Después de comprar unas cervezas, se ubicaron cerca del escenario, a fuerza de “permiso” y codazos suaves. Allí escucharían a las bandas de la ciudad, encargadas de animar al público y hacer la previa antes de recibir a las figuras internacionales. Pasada la medianoche se anunció a la pareja de cantantes y la multitud explotó en silbidos y gritos, en un clima de excitación creciente. Algunas chicas se montaron sobre los hombros de los muchachos. Muchos saltaban eufóricos.

Las canciones se sucedieron, las notas se escurrieron dóciles y, cuando se anunció el último tema, el público siguió pidiendo más. Rodolfo y Alfredo estaban al borde del escenario y sintieron la presión de la gente que se amontonaba y los gritos que pasaron de ser aclamaciones de admiración, a quejas y alaridos de dolor. En pocos segundos, todo cambió. Algunas personas cayeron, otras quedaron suspendidas, apretujadas, sin posibilidades de liberarse, los brazos aprisionados, el pecho apretado hasta no poder respirar.

Rodolfo vio el rostro de su hermano que se alejaba de él, llevado por la avalancha. Escuchó sus gritos llamándolo, y alcanzó a verlo callarse y desaparecer en una marabunta de brazos y cuerpos.

A la mañana, Rodolfo se despertó en el hospital, frente al rostro lloroso de su madre y en ese instante supo que su hermano ya no estaba. Se hizo el velorio mientras él permanecía internado, recuperándose de las costillas rotas y una fractura en el brazo.

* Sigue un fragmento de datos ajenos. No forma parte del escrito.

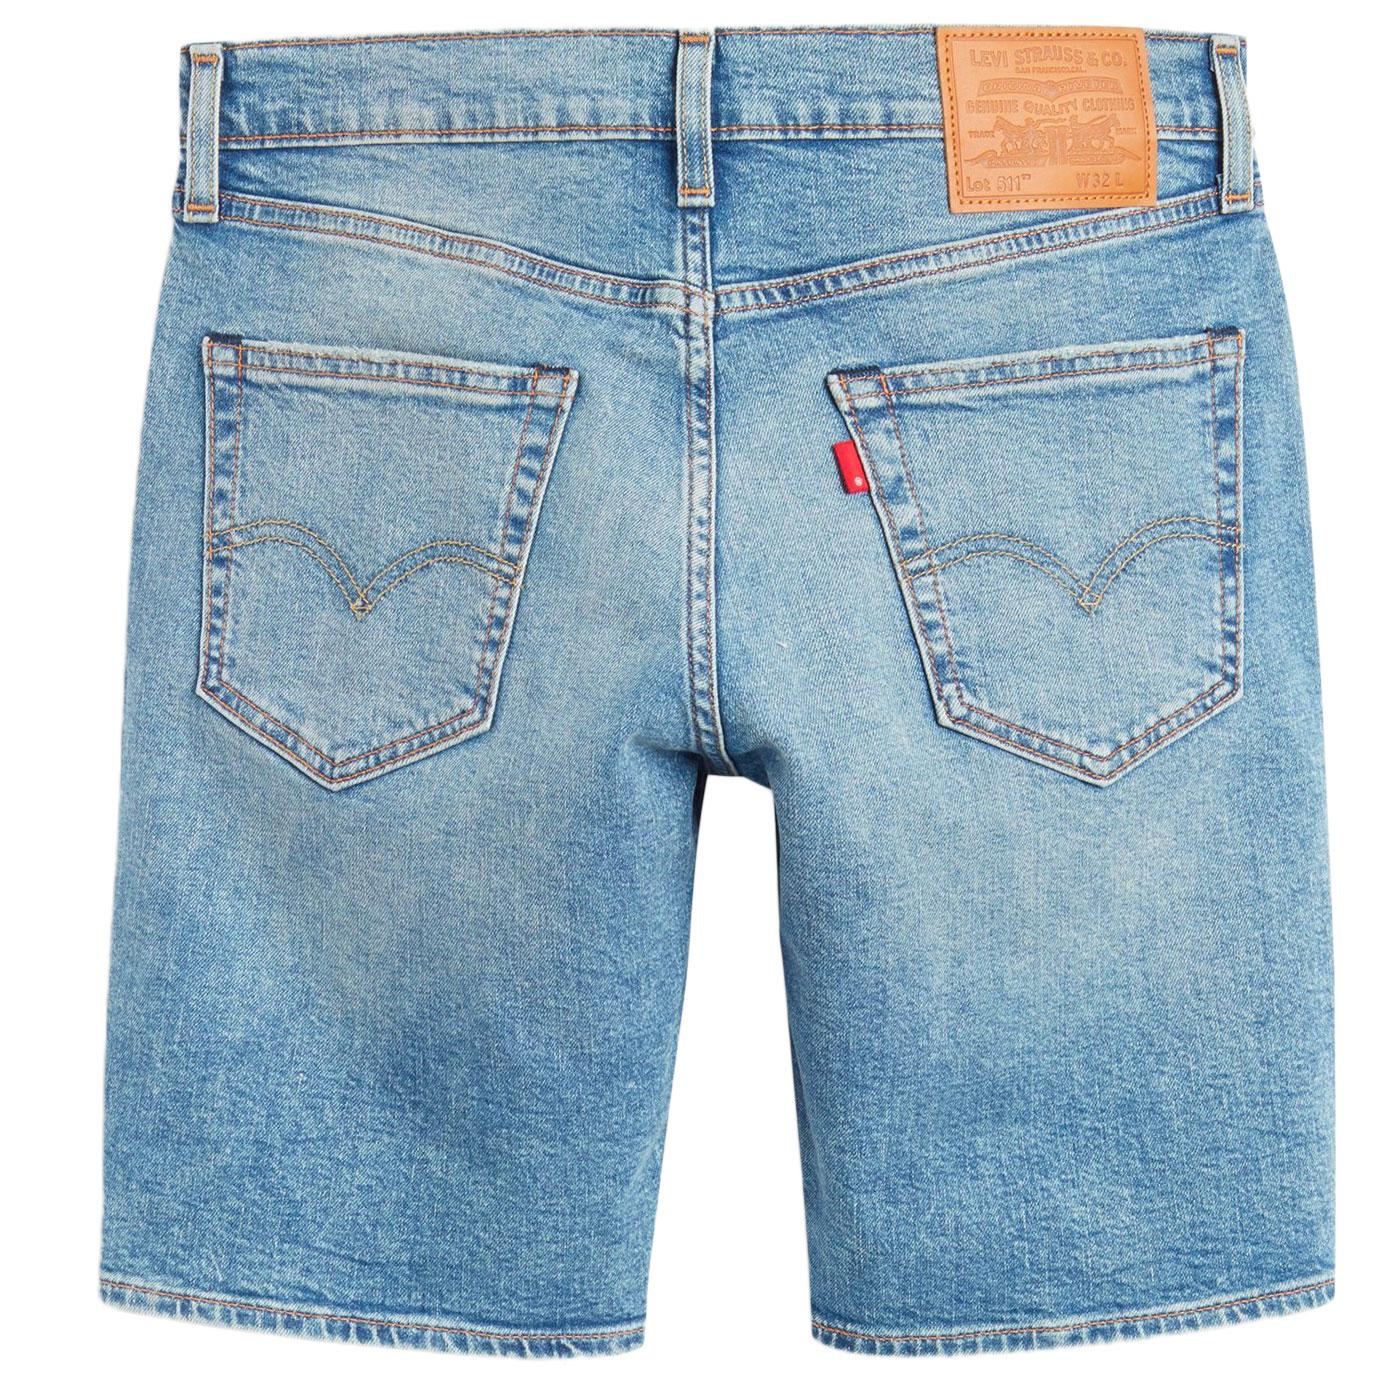 LEVI'S 511 Retro Slim Hemmed Denim Shorts in Baguette Short

Después de aquel día, en la casa nunca se volvió a mencionar el suceso y su padre tampoco a hablarle. Sumido en una tristeza infinita, su vida se limitó a trabajar y estudiar. Su madre cocinaba y atendía a sus hombres a fuerza de pastillas que la convirtieron en un autómata.

Rodolfo terminó sus estudios, y cuando trajo el título a la casa, besó a su madre y se fue de la casa. Por muchos años lo buscaron, sin suerte.

Cada tanto desaparecía y luego retornaba a su rutina, siempre con las mismas ropas, pero afeitado y con el cabello corto. Cuando lo vi así, me percaté que no tendría más de sesenta años. En su metamorfosis, se veía atractivo, con un rostro armonioso, la tez muy blanca y los ojos claros, de mirada mansa.